It is difficult, sometimes, to pinpoint the exact cause of the depressive pessimism that it the mood music of 2020. Is it Covid-19? Or is it the government’s strange inability to collect and publish statistics on it? Or their tendency to blame others for problems rather than solving them? Is it that nagging sense that while the way contracts are being handed out might not be corrupt technically, it’s hard to avoid the whiff of something a bit off?
Is it the incompetence of the handling of A-level results? Or is it the bizarre situation where we’ll get worked up about a handful of people braving the Channel in a dinghy because they, bizarrely, think that life will be better here than any other European country? Or maybe it’s the utterly surreal suggestion by Priti Patel that they are trying to escape French intolerance?
I have started wondering if, actually, it’s because of all the polarisation it’s the one between optimism and pessimism that is most profound. It’s hard to imagine how making ourselves economically weaker while stoking intolerance is a cause for optimism but, when packaged up with terms like ‘freedom’ and ‘control’, it seems that even a government that’s equal parts ideology and incompetence can provide enough of the population with hope that it can dominate a broken electoral system like first-past-the-post.
The difficulty is that there is a finite capacity for pessimism and outrage. So, taking the A-level results, while there is so much focus on young people missing out their Oxbridge places there is hardly any media attention given to those elsewhere on the spectrum such as those who will miss out on a university place entirely. Those for whom the downgrading doesn’t mean the difference between a prestigious university education and slightly less prestigious university education but, instead, is a set-back that will last, with a huge economic cost, for the rest of their lives.
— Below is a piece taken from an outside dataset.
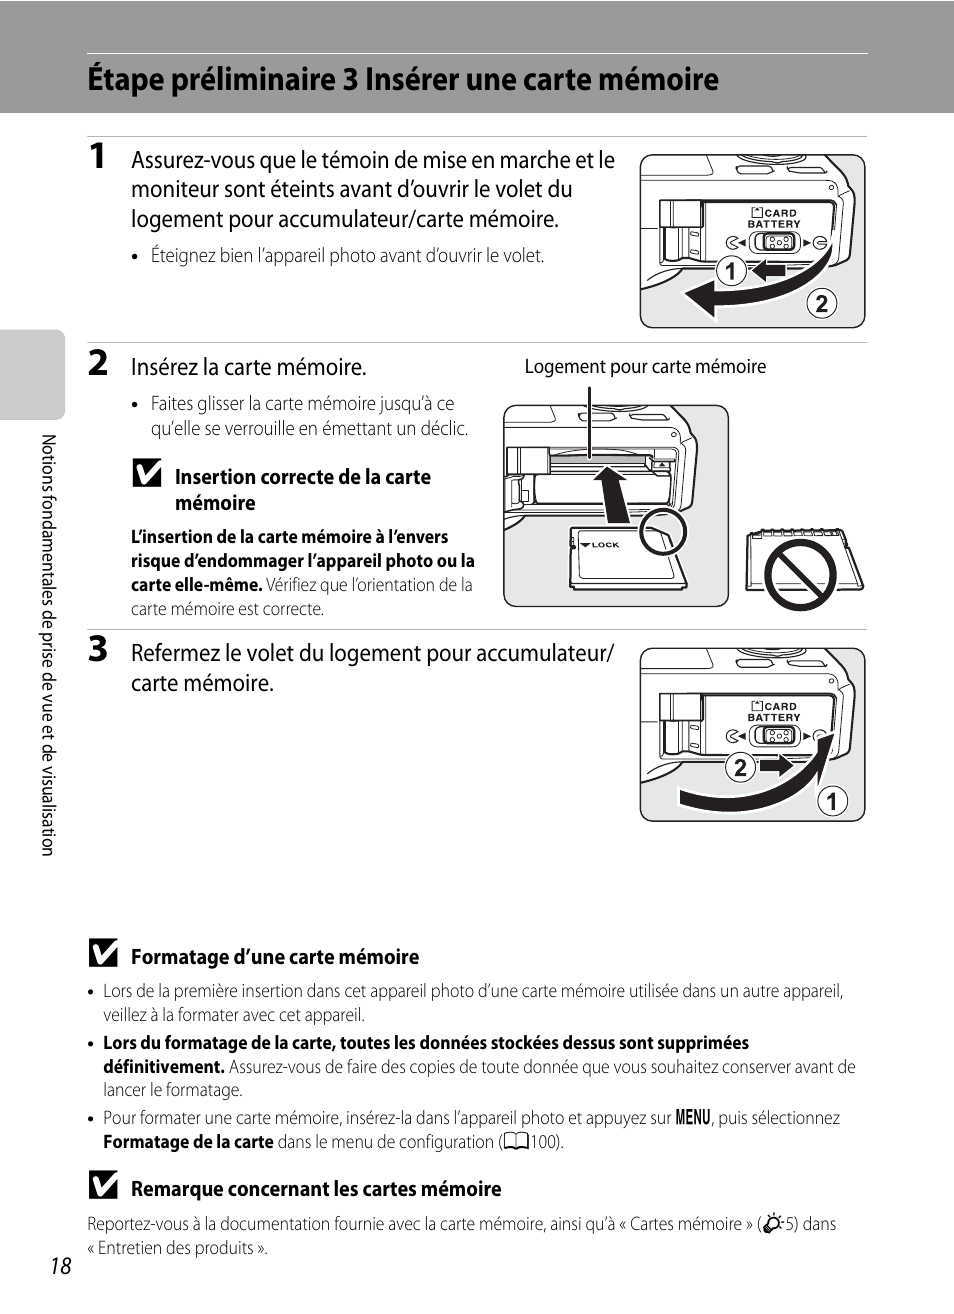 Étape préliminaire 3 insérer une carte mémoire | Nikon Coolpix S9300 Manuel d'utilisation | Page 36 / 244

Or, looking beyond this, year, the fact that the algorithms have simply highlighted (and perhaps amplified) an annual inequality that downgrades the potential of children from deprived areas every single year of their education. Surely that is where the outrage should be: by limiting their potential we hold back the whole country.
I’m obviously one of the 55% or so that finds little cause for optimism in the UK. Perhaps the biggest cause of pessimism is that I don’t really expect the government to do anything to appeal to me, why should it? There is no need for consensus building when it can achieve electoral success by just appealing to its base.
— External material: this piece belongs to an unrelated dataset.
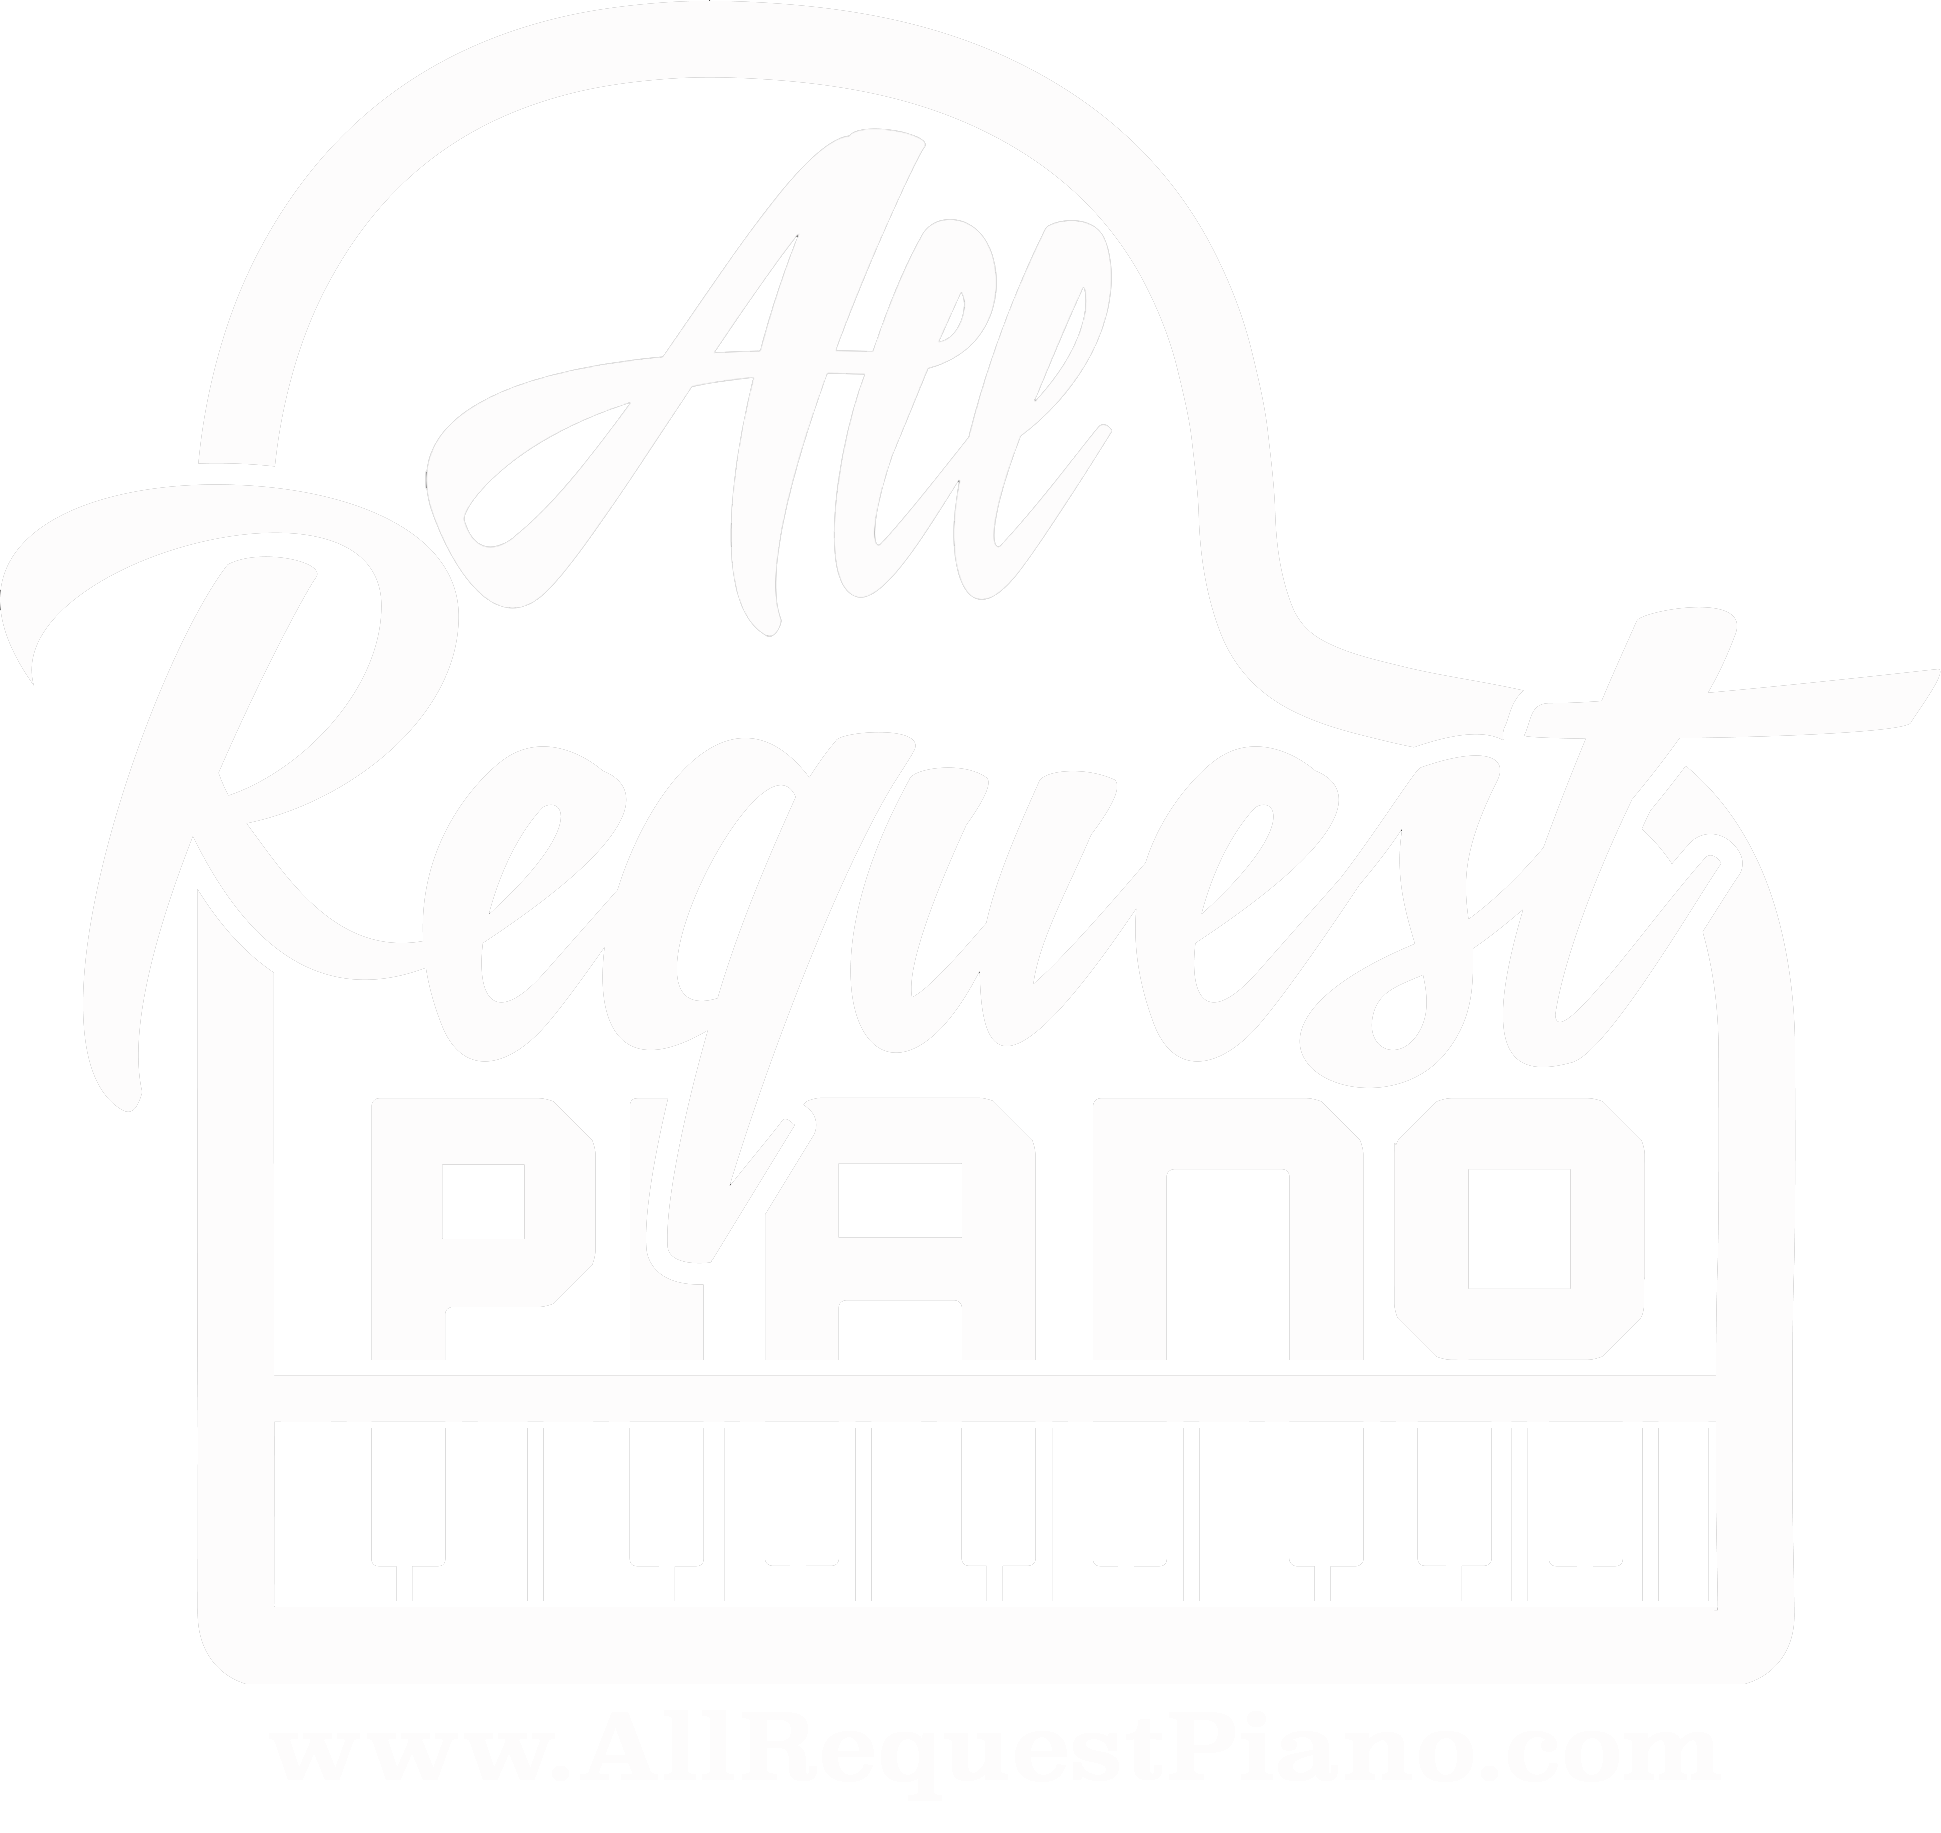 All Request Piano

Once upon a time politics was about hope and optimism. Remember that Obama poster? Perhaps that is an analogy, something that started positively but ended in disappointment and court battles. But politics was about hope. From Attlee’s ‘Face the Future’ manifesto in 1945, Thatcher in 1979 exhorting people to vote for a ‘better life’, Blair in 1997 offering the country a ‘new life’. Even May’s shambolic 2017 election, despite the comically memorable ‘Strong and Stable’, was under a manifesto entitled ‘Forward, Together’. The consistent theme is that, as a country, things can be better. And now…?
If there could be a more visceral image of a government destroying hope than downgrading the exam results of thousands and thousands of young people, mostly from less affluent areas I do not want to know what it is. Can we really take four more years of it?
It’s hard to imagine four more months of this, let alone four years.
Danger is that it will become normalised. Incompetent government? Just the way it is. Inequalities? Just the natural order of things.
I think that’s already happening. Some have normalised 50,000 deaths.
‘They would have died anyway.’ I’m the irony in trying to prevent it becoming a tragedy that affects everyone is that it means most people can pretend it affects no-one.